Then the truth came out: it appears the whole thing may have been a DoorDash driver carrying a long loaf of French bread.

Yes, really.

Let that sink in. Our emergency response infrastructure — the dispatchers, the officers, the whole apparatus that your tax dollars fund — was potentially mobilized because someone mistook a baguette for a threat. One local who was actually at Stonestown during the incident put it plainly: "I was at Stonestown when I got this alert and there was zero cause for alarm about this. The way people were driving was probably a bigger immediate danger to life."

But here's the real issue: it's not just the false alarm itself. It's the ecosystem of fear that apps like Citizen have built around incidents exactly like this one. These platforms take unverified 911 dispatch calls, slap on push notifications with alarming language, and blast them to thousands of people before anyone has confirmed what actually happened. As one SF resident put it, "Don't get your news from Citizen — it's just Nextdoor with a more official-looking color scheme."

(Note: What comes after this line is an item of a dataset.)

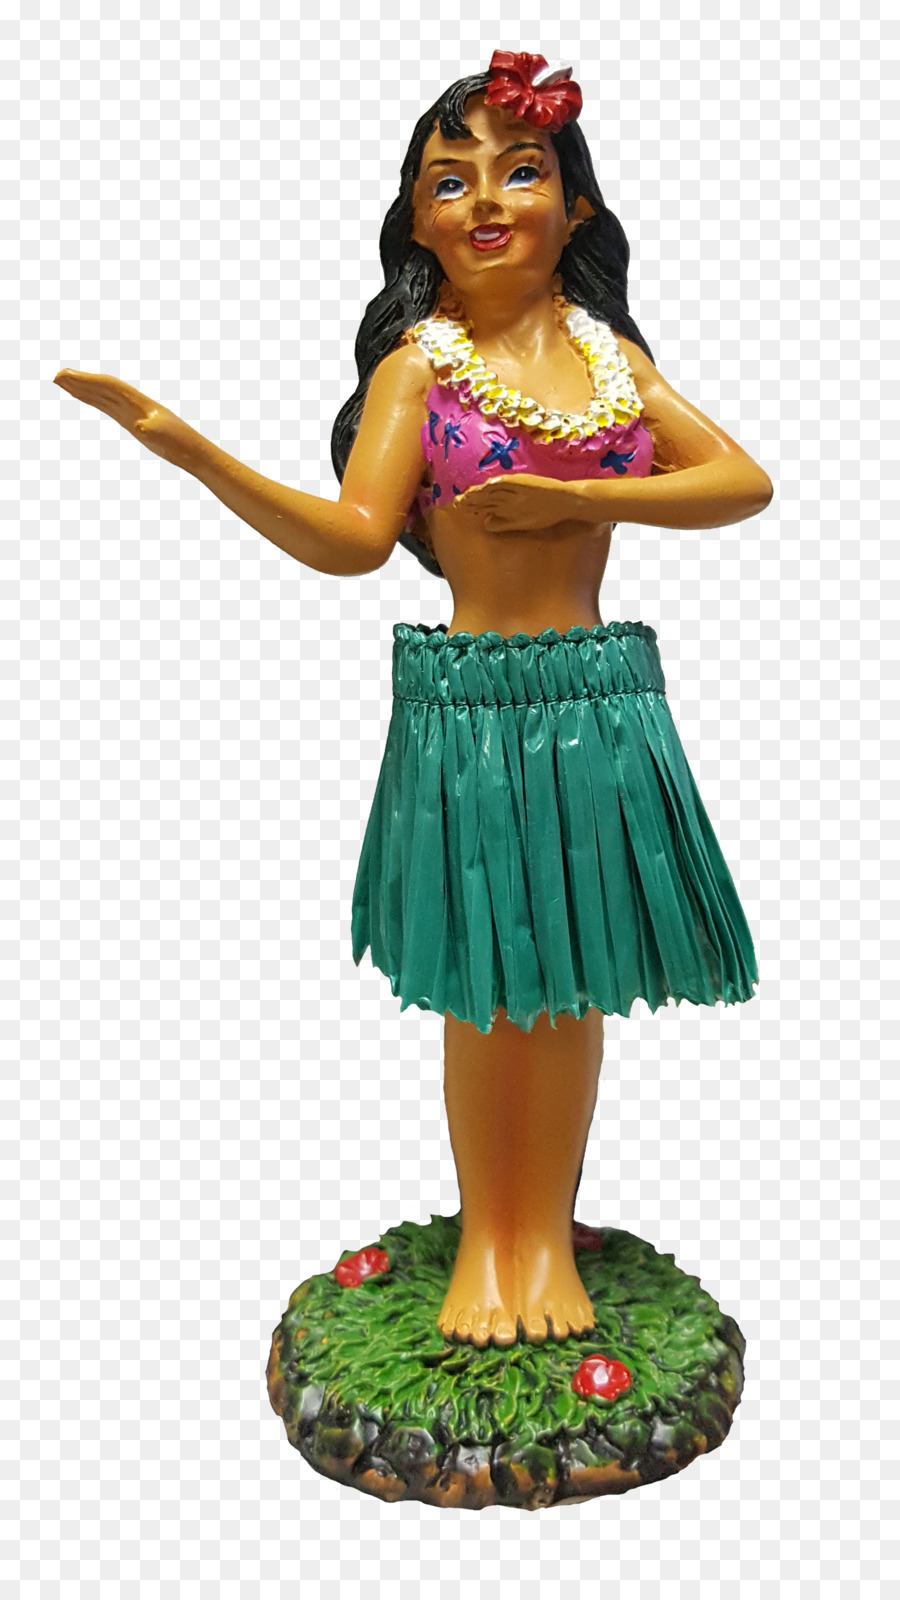 Hawaii Hula Girls Ukulele Doll - hawaiian png download - 1937*3409 - Free Transparent Hawaii png Download.

Another local was even blunter: "It's AI-generated bullshit reporting with inflated statistics. Half the time, shots fired reports are just fireworks."

They're not wrong. And this matters beyond just one funny bread incident. Every false alarm erodes public trust. Every bogus notification trains people to either panic over nothing or — worse — ignore alerts when something real is happening. It's the boy who cried baguette.

Meanwhile, actual SFPD resources get stretched thinner responding to calls that amount to nothing, in a city that already struggles to address real public safety concerns. We're spending money we don't have on responses we don't need, fueled by apps that profit from your anxiety.